Ia lebih memilih menghargai satu murid yang luar biasa daripada banyak murid yang mungkin tidak akan pernah mencapai standar yang diharapkan.
Jun Xie menatap Gu Li Sheng yang penuh harap menunggunya untuk memulai perdebatan panjang dan dengan tenang menjawab dengan satu kata: “Tidak ada apa-apa.”
“…..” Senyum Gu Li Sheng membeku di wajahnya. Dia cukup yakin dia pasti salah dengar.
“Tidak… sedikit pun?” Gu Li Sheng menatap Jun Wu Xie dengan tatapan tercengang. Jawabannya sungguh… sangat menyegarkan untuk didengar!
Di antara semua murid yang datang ke Akademi Zephyr, adakah satu pun yang tidak tahu apa pun tentang Penyembuh Roh? Dari batu mana anak ini berasal?
Jun Wu Xie mengangguk, wajahnya tampak sangat serius.
Gu Li Sheng menundukkan kepalanya ke tangannya, sangat curiga ada sesuatu yang salah dengan matanya.
“Baiklah.” Gu Li Sheng akhirnya cukup menenangkan diri untuk berkata demikian. Ia mengerahkan seluruh kendalinya untuk mempertahankan penampilan sebagai guru yang ramah dan anggun, lalu perlahan meletakkan sebuah buku tepat di depan Jun Wu Xie.
“Dasar-dasar Penyembuhan Roh semuanya tertulis di sana. Anda akan merasa itu bermanfaat.”
Jun Wu Xie mengulurkan tangannya dan menundukkan kepalanya untuk mulai membaca saat halaman-halaman buku itu berbalik dengan cepat.
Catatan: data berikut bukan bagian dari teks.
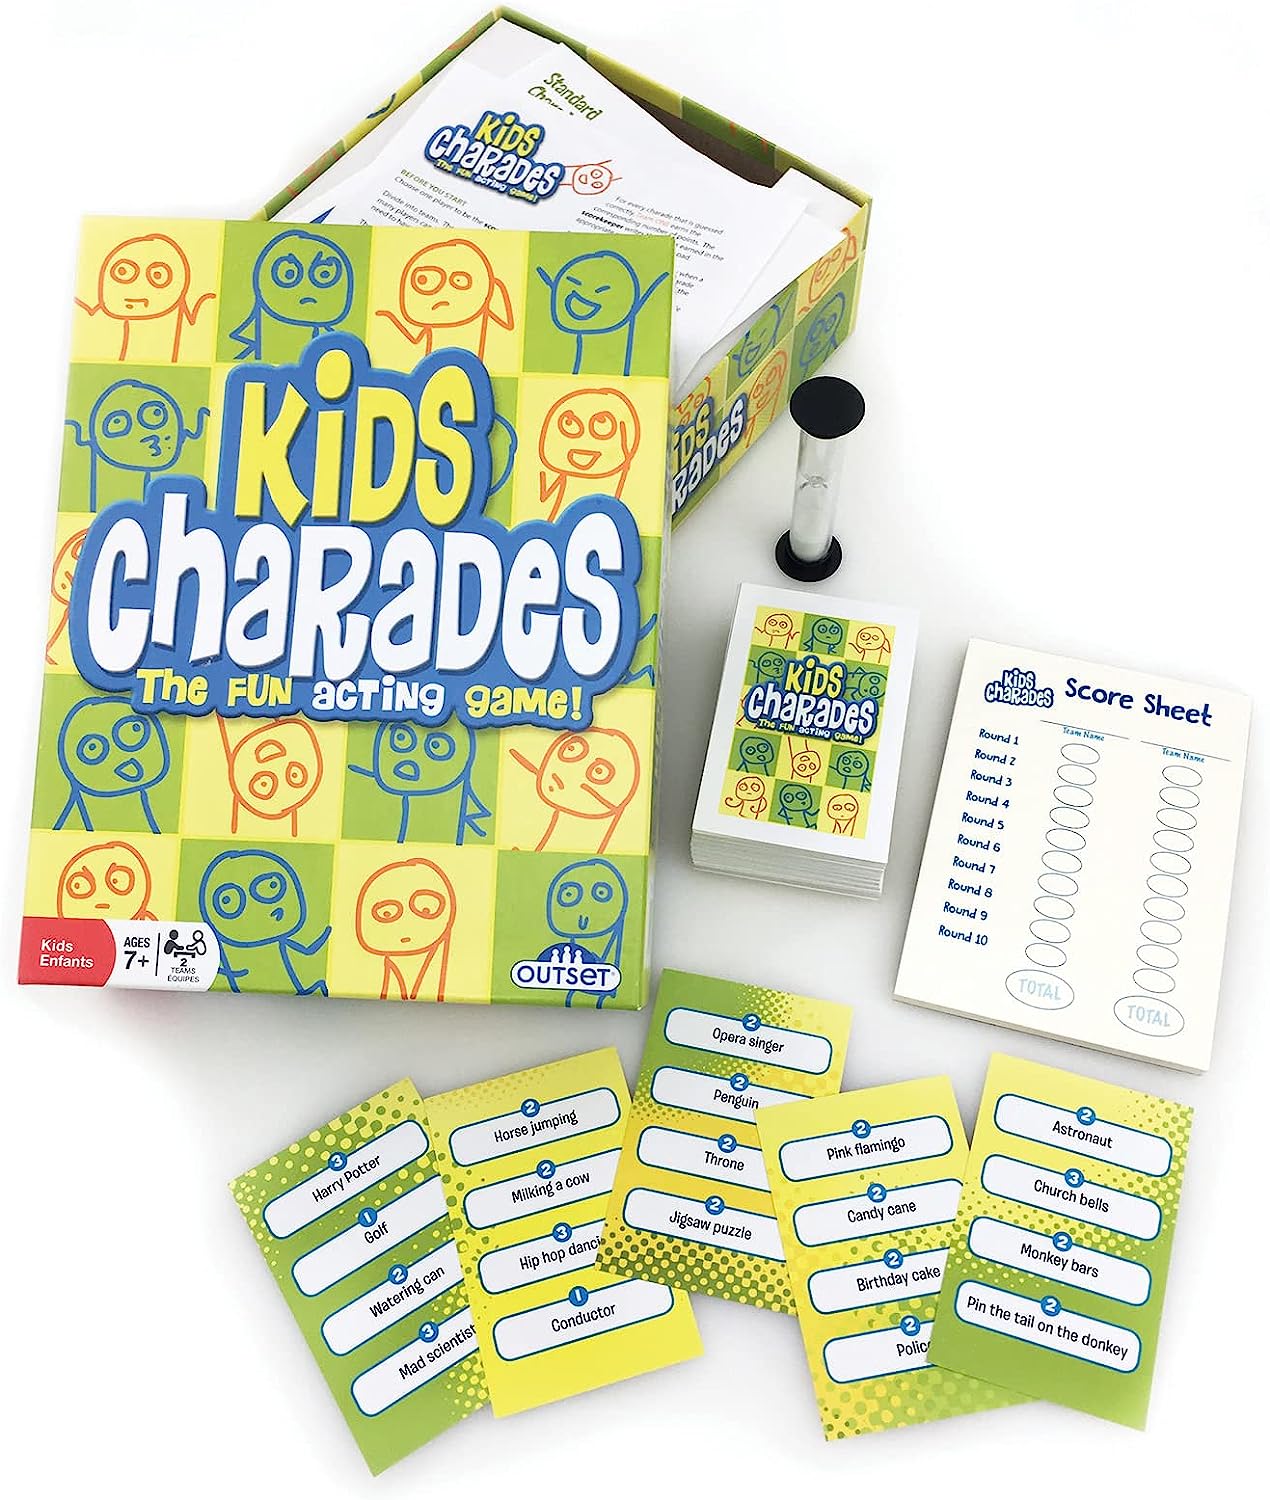 Outset Kids Charades - Children's Game - Family Game - Features 300 Charades - Develops Critical Thinking, Builds Imagination, and Supports Creativity - for 3 or More Players - Ages 8+

Buku itu tidak tebal dan Jun Wu Xie telah membolak-baliknya beberapa kali. Dia menghafal semua isinya dan kemudian meletakkan buku itu kembali di atas meja.
Gu Li Sheng mengamati Jun Xie saat ia membolak-balik buku beberapa kali dengan cepat, lalu meletakkan buku itu kembali di atas meja. Tiba-tiba, ia menyadari bahwa pikirannya tidak mampu memberikan respons yang tepat terhadap tindakan Jun Xie.
Dia menatap buku di atas meja, lalu menatap Jun Wu Xie.
Jun Wu Xie hanya balas menatapnya, wajahnya tanpa ekspresi.